La Ruota gira, e sebbene faccia ancora molto caldo e ancora possiamo bagnarci nelle acque fresche e accoglienti della Dea, lentamente iniziamo il nostro viaggio verso la discesa.
Già da due mesi il sole ha superato il suo punto più alto, tramontando sempre un po’ prima: la dolcezza del buio ci avvolge nelle nostre serate, mentre lasciamo in esso i frutti di ciò che abbiamo seminato nei mesi scorsi.
Passeggiando in natura, possiamo notare il lento eppure ineluttabile cambiamento: tra il verde ancora imperante, appaiono alberi già aranciati e foglie marroni che iniziano a cadere.
La Dea è una misteriosa e magica danza, che ci accoglie nel suo abbraccio e ci porta con sé.
E dunque in questo periodo che a tratti già ci fa assaporare la fine e la trasformazione, guardiamo a ciò che abbiamo raccolto e ricevuto e rendiamo grazie.
Osserviamo i passi compiuti, i traguardi raggiunti, le messi dorate che alchemicamente abbiamo trasformato nel nostro pane: quanto siamo soddisfatte/i? Quanto ancora deve essere cambiato? Quanto deve essere lasciato andare, in quel taglio che ci mostra sì l’abbondanza del raccolto, ma anche la necessità della morte, in vista della rigenerazione?
Senza giudicarci, facciamo il punto della situazione: scaviamo nel profondo, per capire quanto di questo raccolto è ciò che realmente desideriamo e quanto invece ci siamo sentite/i obbligate/i dalla necessità, dalle aspettative altrui, da illusioni che ormai non tengono più.
La Dea, che in questo momento appare come La Madre generosa e portatrice di doni, ci mostra anche il suo volto amorevole e pieno di compassione: è a questo volto che dobbiamo ispirarci, per imparare ad accettare i lati scomodi di noi, le cadute, le battute d’arresto e tutto ciò che ci fa stare male.
Analizziamo il nostro raccolto con gli occhi di questa madre amorevole, consapevoli che possiamo comunque correggere il tiro, che sia adesso o nel prossimo Giro di Ruota: non sempre ciò che vogliamo ci arriva o comunque non sempre ci arriva nei tempi e nei modi che avremmo desiderato.
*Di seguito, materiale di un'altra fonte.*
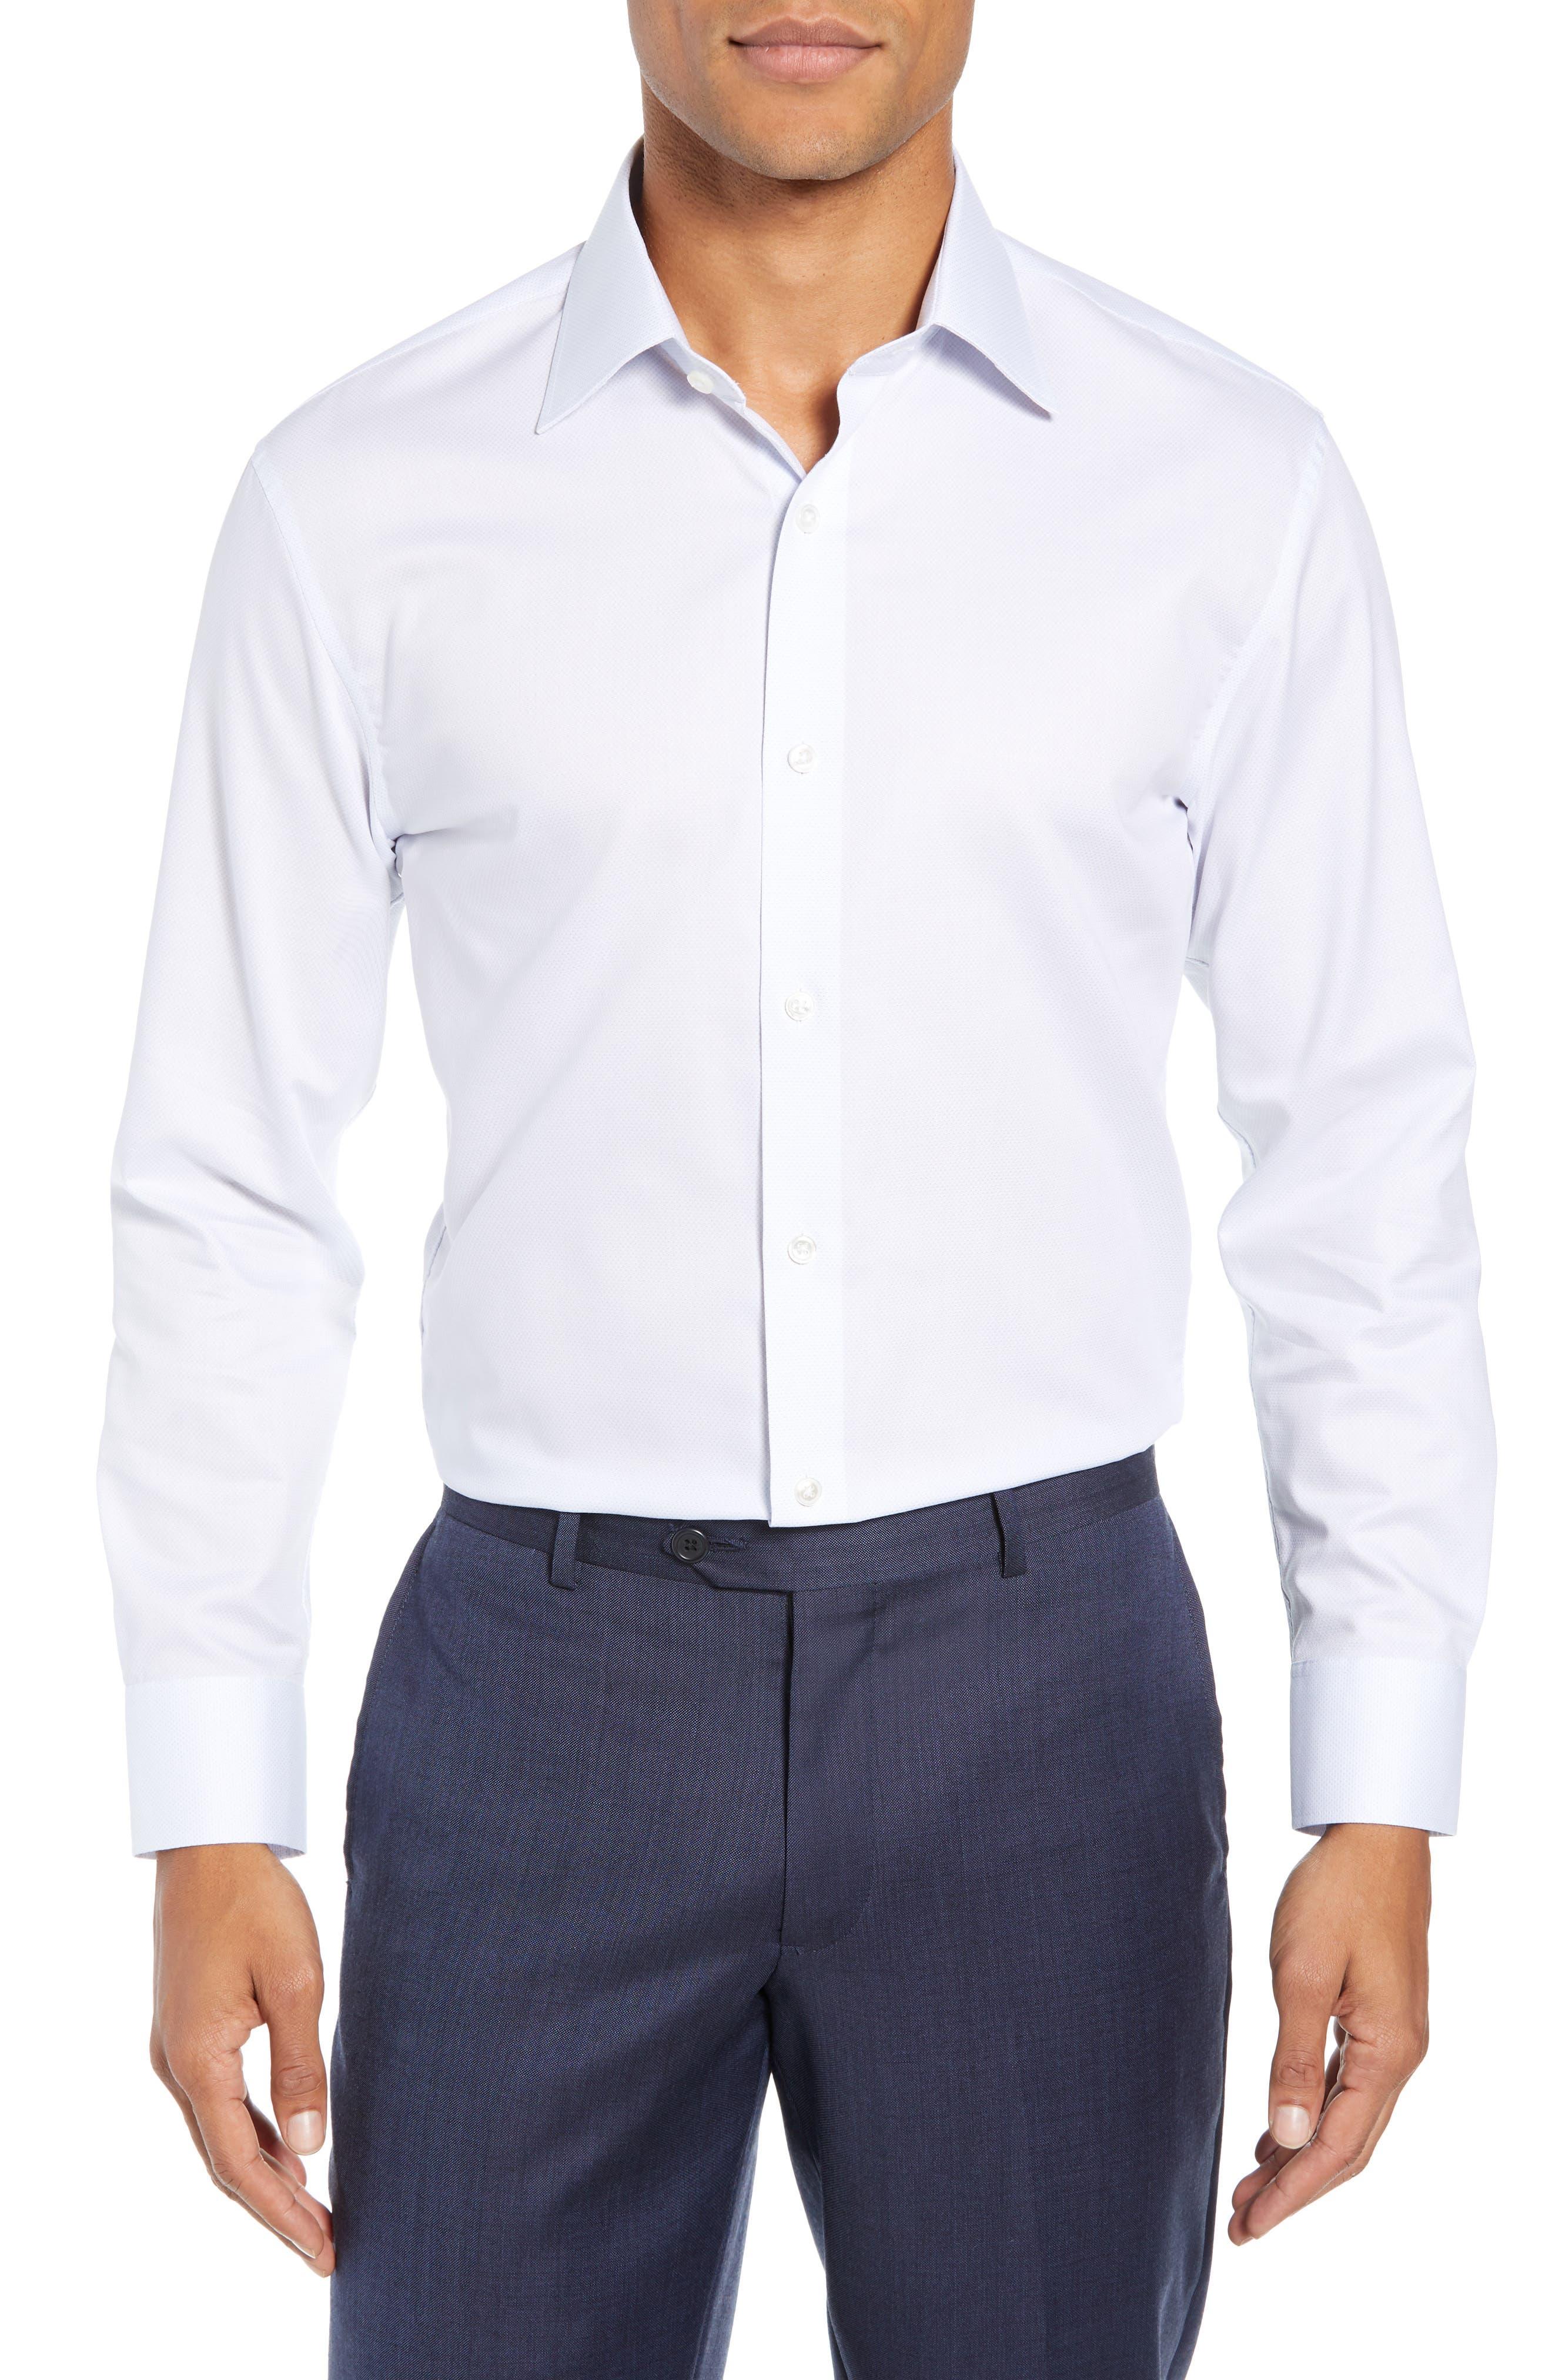 Swiss Performance Slim Fit Solid Dress Shirt,                             Main thumbnail 1, color,                             SOFT BLUE

Ma è questa la danza della Dea, è questa la danza della vita.
E in questa danza noi dobbiamo imparare, volta dopo volta, ad intrecciare i nostri passi a quelli della Dea;
in un continuo soffio vitale, in un continuo movimento di espansione e contrazione.
Perché la contrazione è necessaria, affinché tutto torni ad espandersi.
Così noi impariamo a viaggiare, tra vita e morte, alti e bassi, discese e risalite, tornando sempre più ad essere chi siamo realmente.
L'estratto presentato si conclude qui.